Thanks, operator. So I guess really we couldn’t be more pleased to Monday’s announcement by John Hancock. It’s clearly grade endorsement from the great company, we are enjoying the buzz that it’s generating for us at this week’s AHOU industry conference and it provides new products say SaaS based technology licensing opportunity that we having to originally thought. On top of that we closed as I mentioned before Synodex contract this quarter and beyond that we are not pursued of three opportunities that we think should be Q2 closures and we are also working through sales process with many others including two large companies with significant opportunity value. One of these companies send it auditors to our offshore production site last month. It’s good to be here in Orlando this week Pearson, we are excited about the prospect of partnering with Pearson combining our strengths to help associations and enterprises monetize their content assets and giving the benefits to scale through Pearson distribution.

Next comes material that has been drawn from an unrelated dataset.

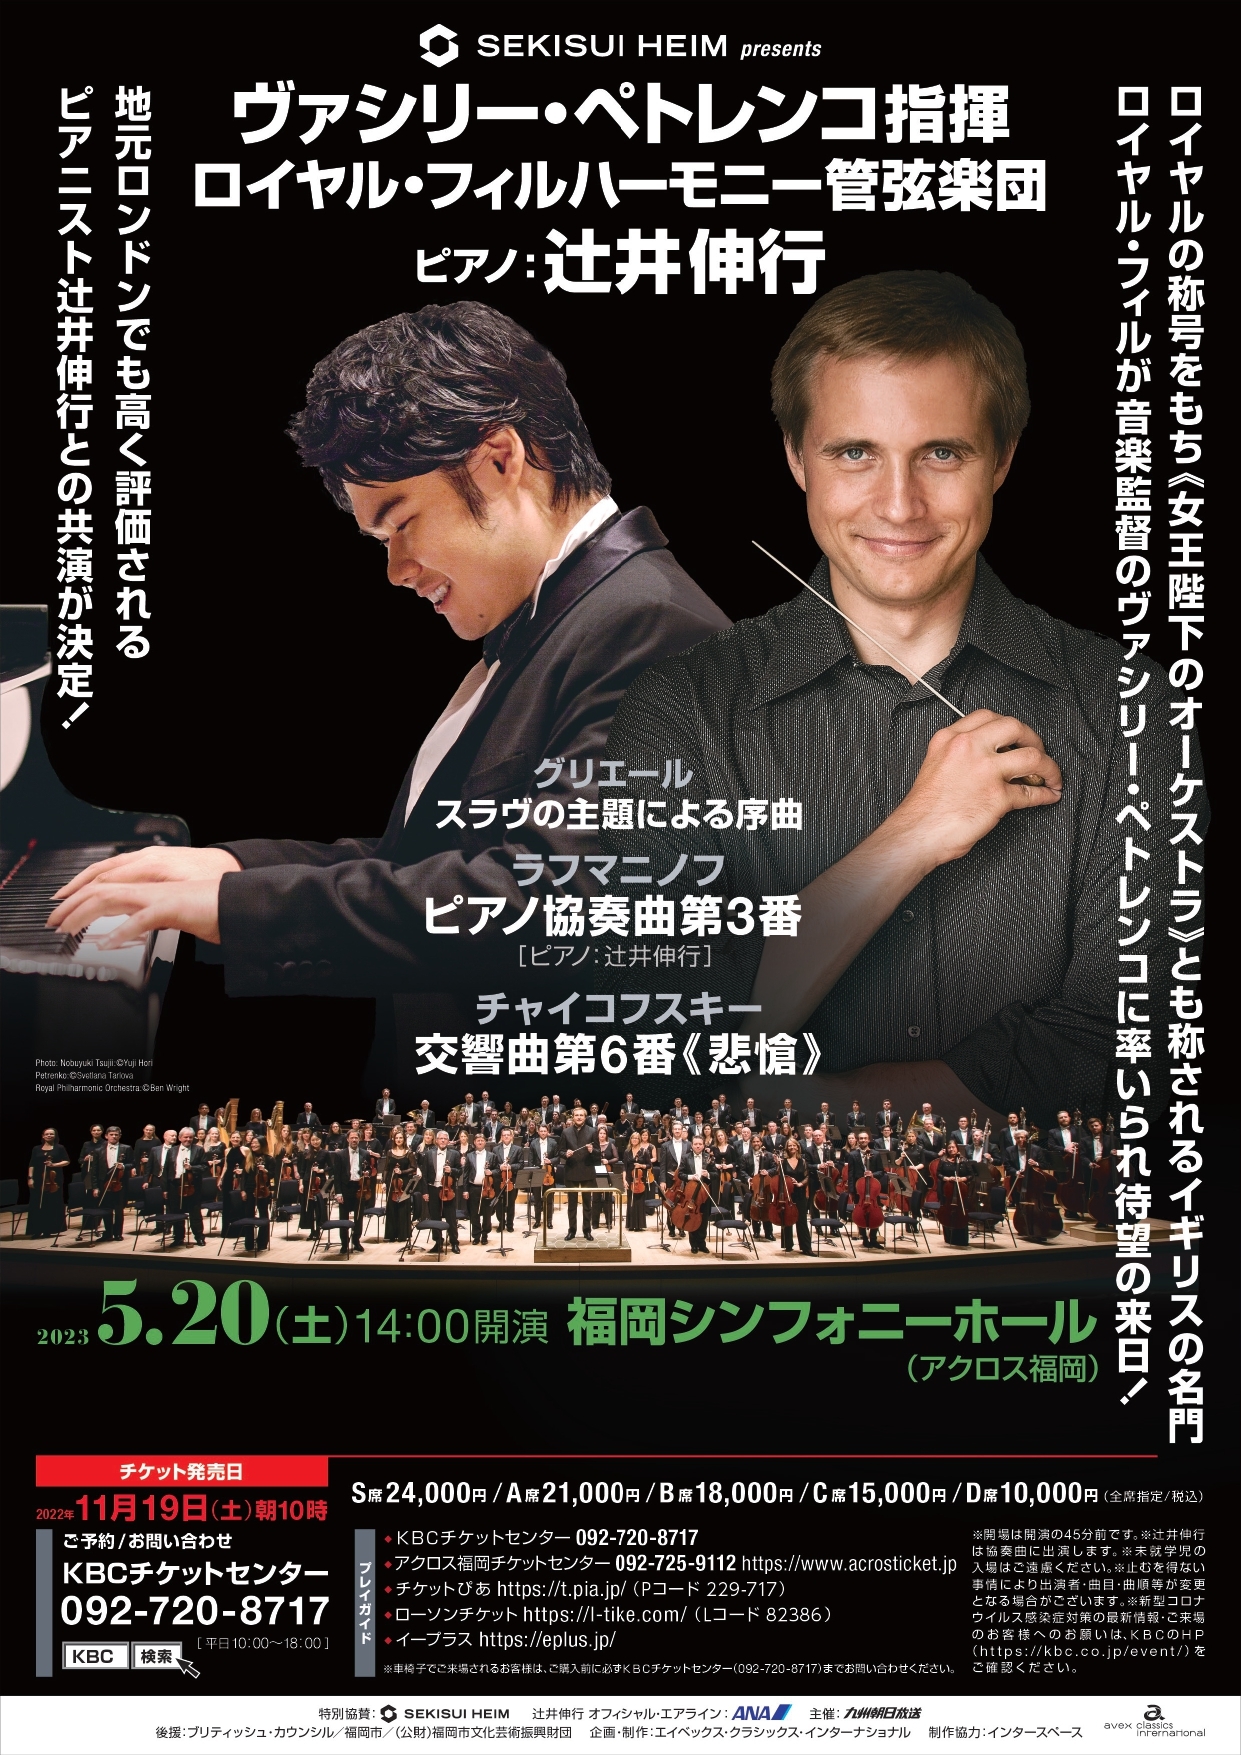 SEKISUI HEIM presentsロイヤル・フィルハーモニー管弦楽団 アクロス福岡

And then last but not least we are excited to see the traction that we are getting from our new marketing efforts with MediaMiser and Bulldog Reporter both being our digital media intelligence assets. So get to wrap things up thanks everyone for joining us on today’s call and for your continued support and interest.

Operator

Operator

Today’s conference is available for replay by dialing 719-457-0820 or 888-203-1112 and pass code 1257527, again those numbers are 719-457-0820 or 888-203-1112 referring pass code 1257527. That concludes today’s conference. You may now disconnect.